By Prossy Nandudu
Ugandan rice millers have appealed to East African Community heads of state to stop the importation of rice from Asia to allow the local rice industry to grow.
They said rice from Asia has flooded the market out- competing Ugandan and other member state’s grown rice which is more expensive due to the production costs.
The rice miller’s representative, Ambassador Phillip Idro, said the EAC region spends close to sh20b on rice importation and a lot more is smuggled into the countries.
“If that money was channelled to increasing production at country then regional levels, it would ensure regional self-sustenance on rice,” said Idro.

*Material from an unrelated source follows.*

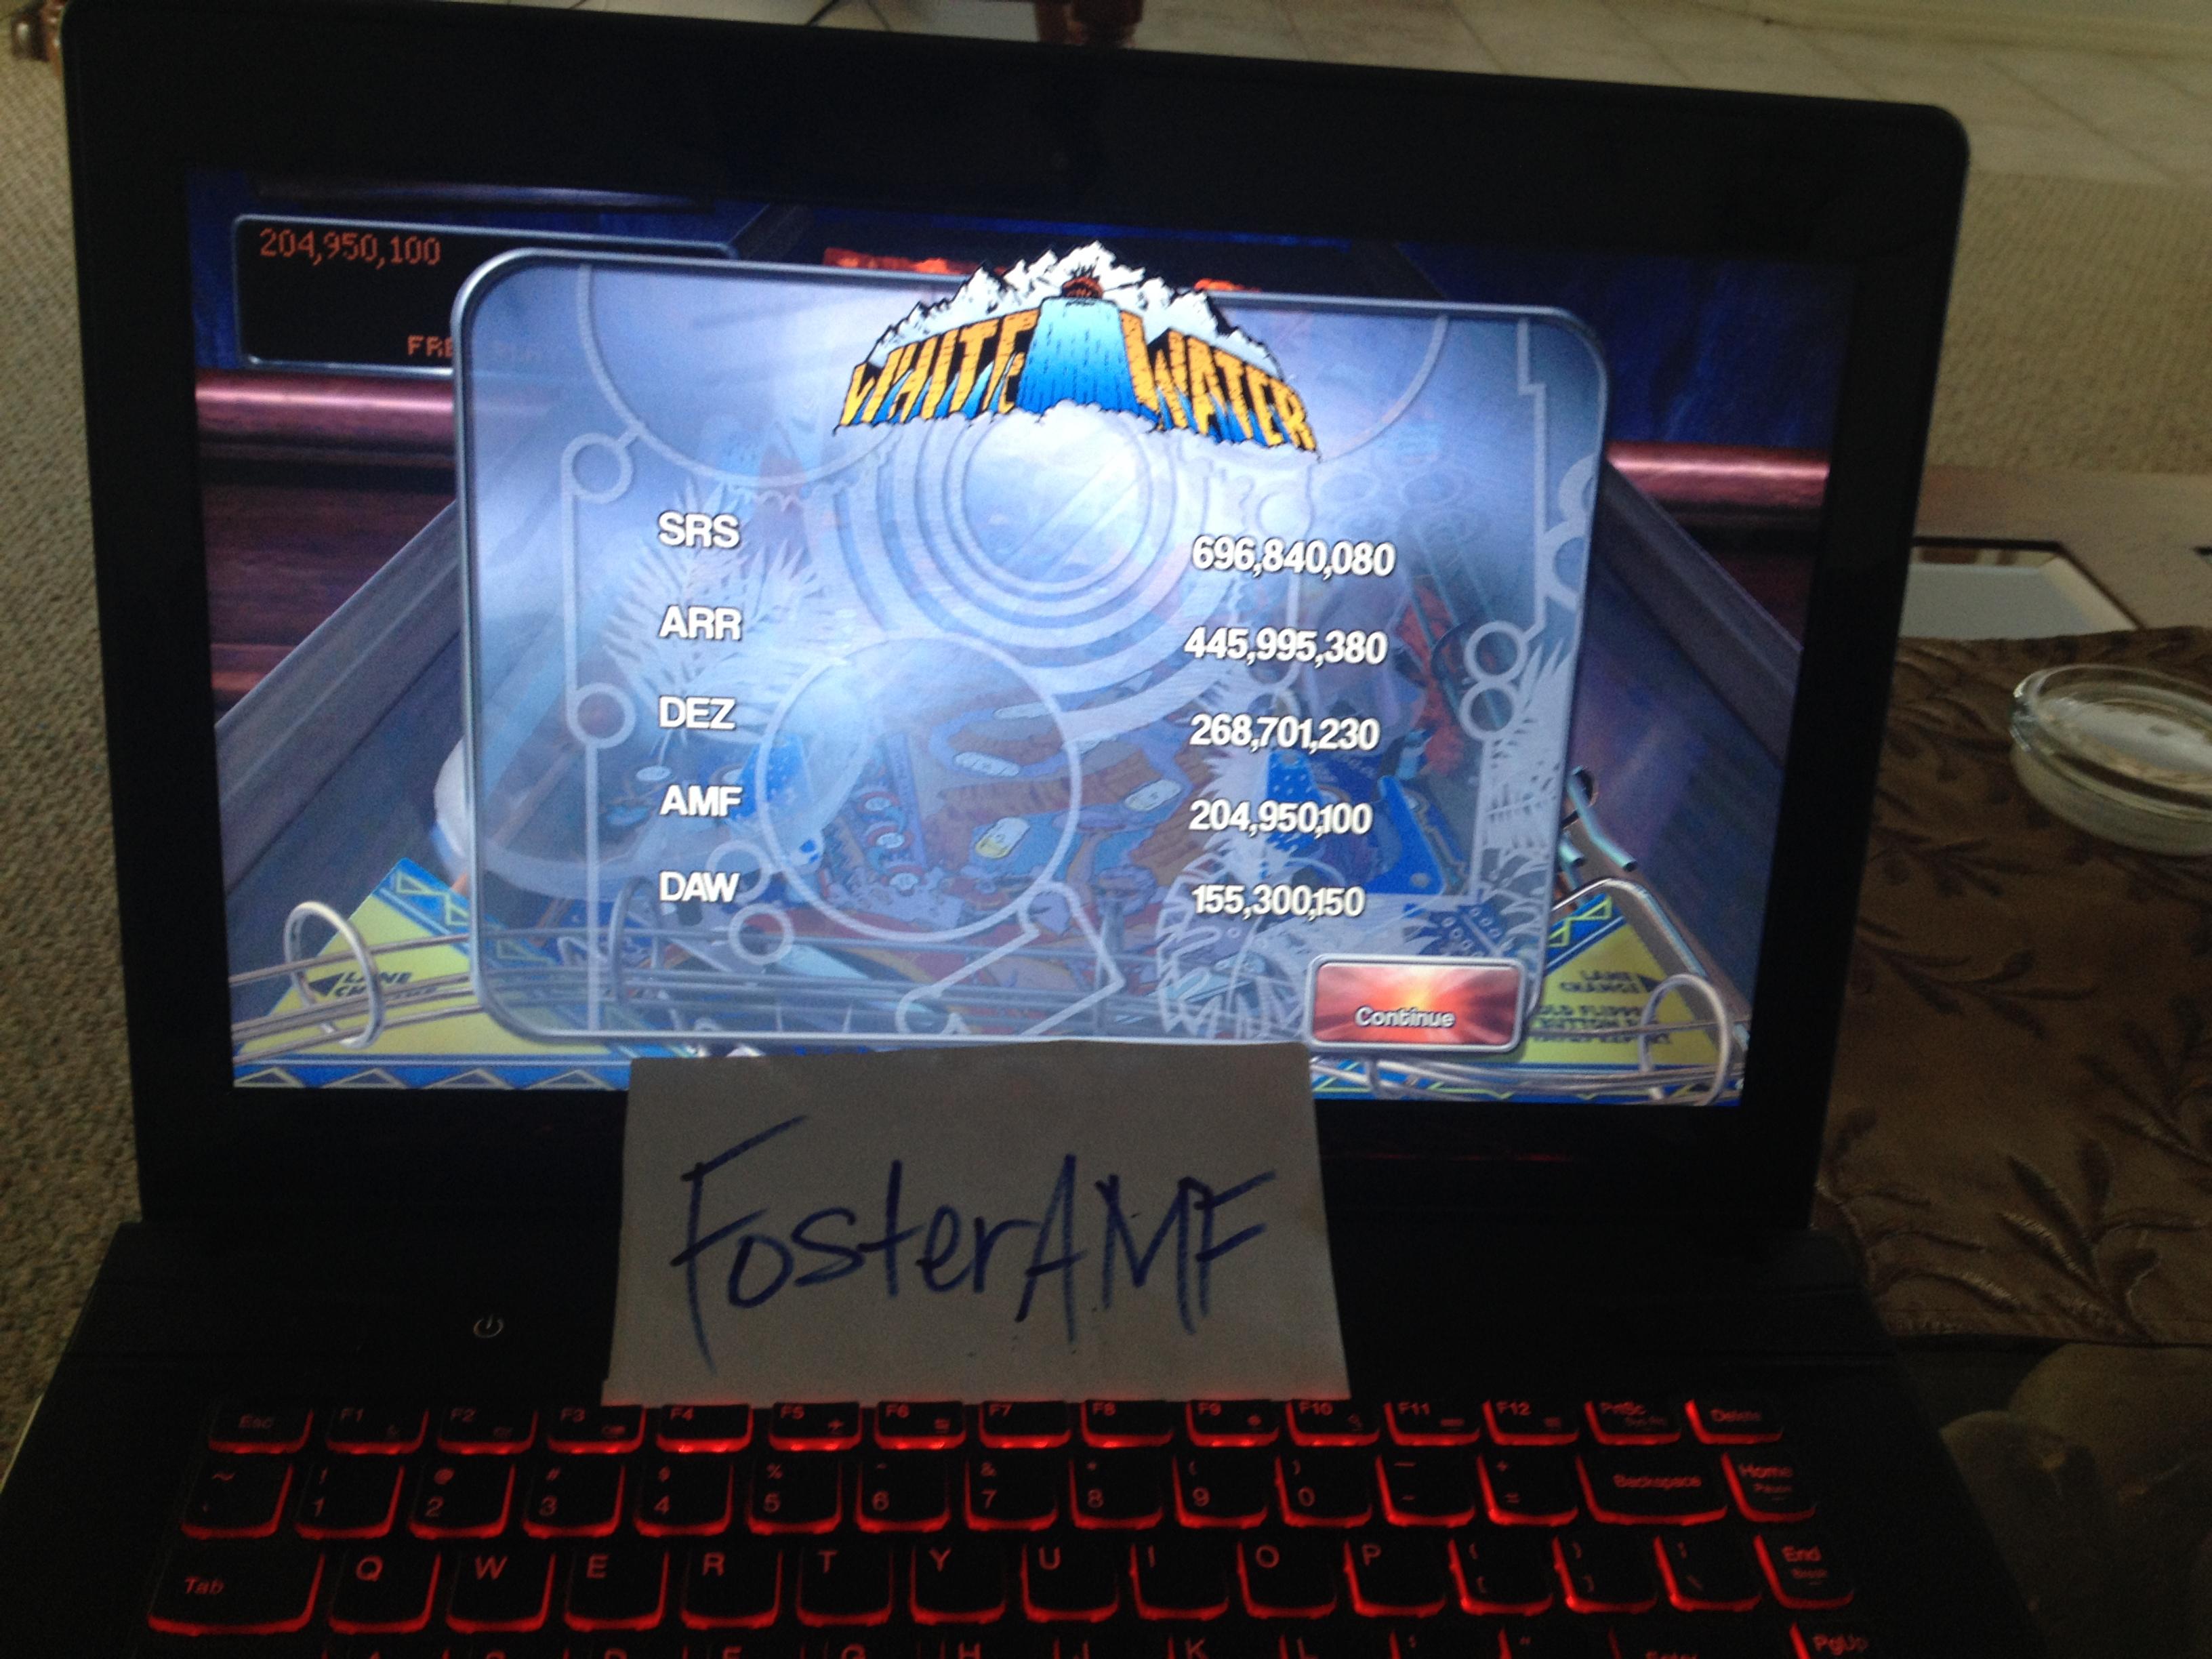 FosterAMF: Pinball Arcade: White Water (PC) 204,950,100 points on 2014-05-11 20:29:36

He said Nigeria, once a big importer of Asian rice, is finalising plans to stop the importation and are encouraging consumption of locally grown rice.
“Rice from Asia is cheaper. Some of it is smuggled into the country and sold at any price,” he added.
“The East African heads of state should revise the rice policy and ensure there is increased local production before allowing in some import,” said Idro.
Quoting UNCTAD statistics, a trade economist in the EAC affairs ministry, Lawrence Othieno said Uganda earned $1.2b from rice exports in both 2011 and 2012. He said, however, that the growing population demands more rice for consumption.
In 2009, rice demand in Uganda was at 250,000 metric tonnes and it is projected to increase to 550,000 metric tonnes annually in five years.
However, in the last five years rice production grew from 70,000 metric tonnes to 300,000 metric tonnes statistics show, which experts says is still below local demand.